馬鹿マサも、この手合いで、目ぼしいミニスカ女性を望遠で物色していた。
幾人かの獲物を見つけては、シャッターを切りファイルに溜めこんでいった。
そして、アリバイ工作に、時々は、ピッチ内の選手を追いかける素振りをすることも忘れなかった。
試合が佳境に入り、贔屓のチームが得点に絡むプレーともなると、サポーターの眼は当然のことピッチに注がれる。
すると、人間、そんな時は隙ができるもので、ミニスカ女性たちも周囲の眼なぞを警戒するはずもなかった。
そこが「出歯亀」の狙い目だった。
マサが何人目かの女性にターゲットを絞り、オートフォーカスがジャスト・ピントになった時。
その膝元から上半身にレンズをパンさせて
(どれ、お顔を拝見…)
と、確認しようとした時だった。
気付くはずのない女が、こちらをギロリと睨んだ。
その眼は、すべてを見抜いてるようであり、そればかりか、その口元は同じ言葉を何度も発していた。
唇の動きは…
「しね・・・。シネ・・・。死ね…」
マサは、さぞかしビビッたんだろうが、すぐには眼を離せなかったようだ。
むしろ、眼が釘付けになっていると、次の瞬間、女はニンマリと笑みを浮かべながら、首をギリリと直角にねじり始めた。
マサは、ゾッとして、こわ張った指が無意識に動画のスイッチを押していた。
…噺は、それでオワリである。
マサは、翌朝、首の骨を折って、布団の中で死んでいた。
「死因」はハッキリしてるが、何故その首が九十度もねじれていたのか、司法解剖でも判らなかったという。

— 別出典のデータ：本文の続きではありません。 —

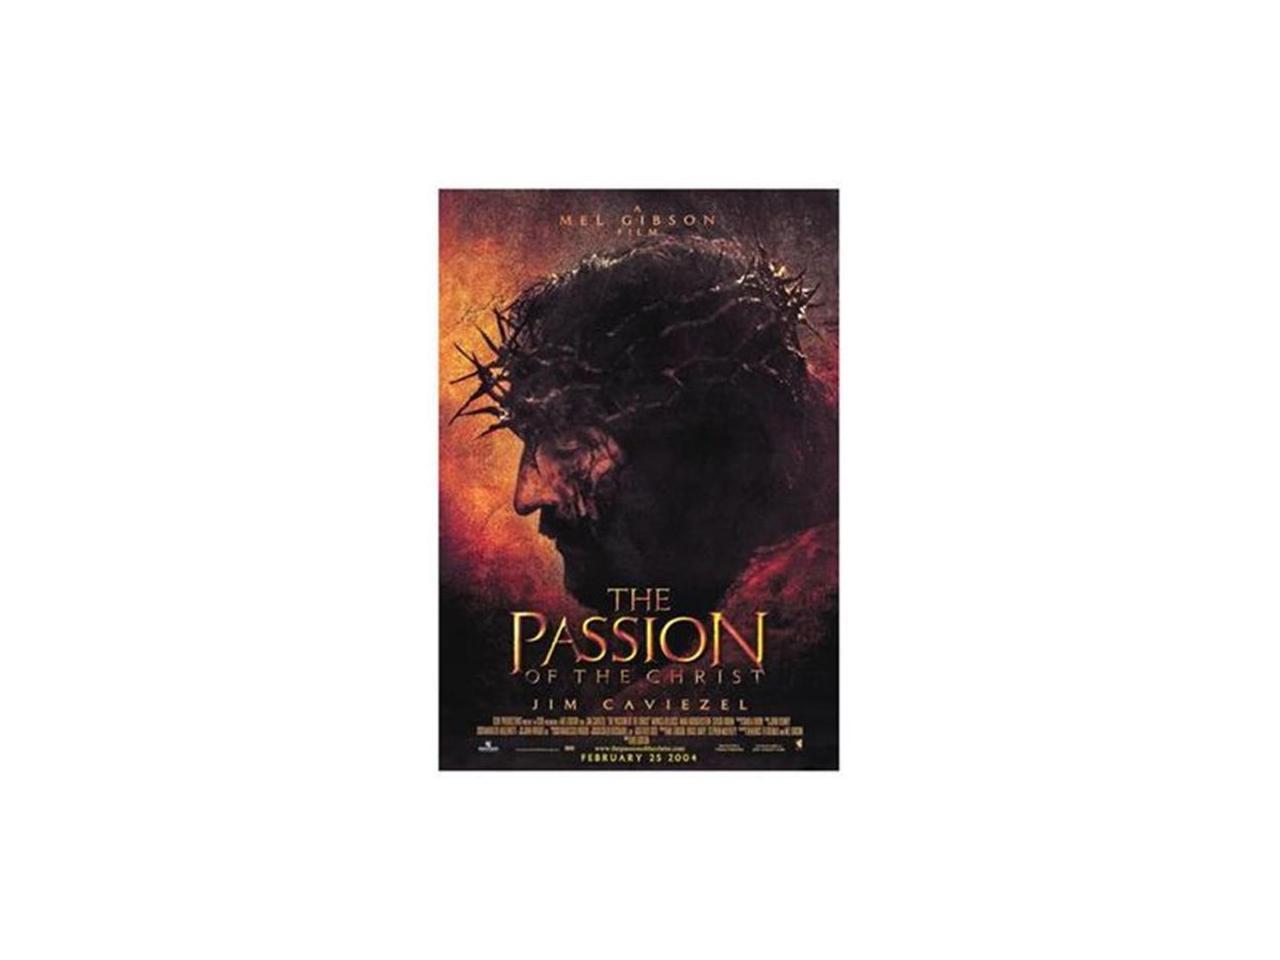 the passion of christ movie covers

カレンは、兄の遺品の整理で、偶然、その動画を見てしまった。
彼女だけが、兄の死の真相を識ったのである。
それ以来、彼女は不眠症に陥り、わずかでもウトウトすると、あの女のねじれた顔が眼前に迫って来るという。
カレンは、ぽそりとひと言、
「わたしも、殺される・・・」
と言って泣いた。
オレとトモヤは、彼女が持参した遺品の動画を、どうしても見ることができなかった。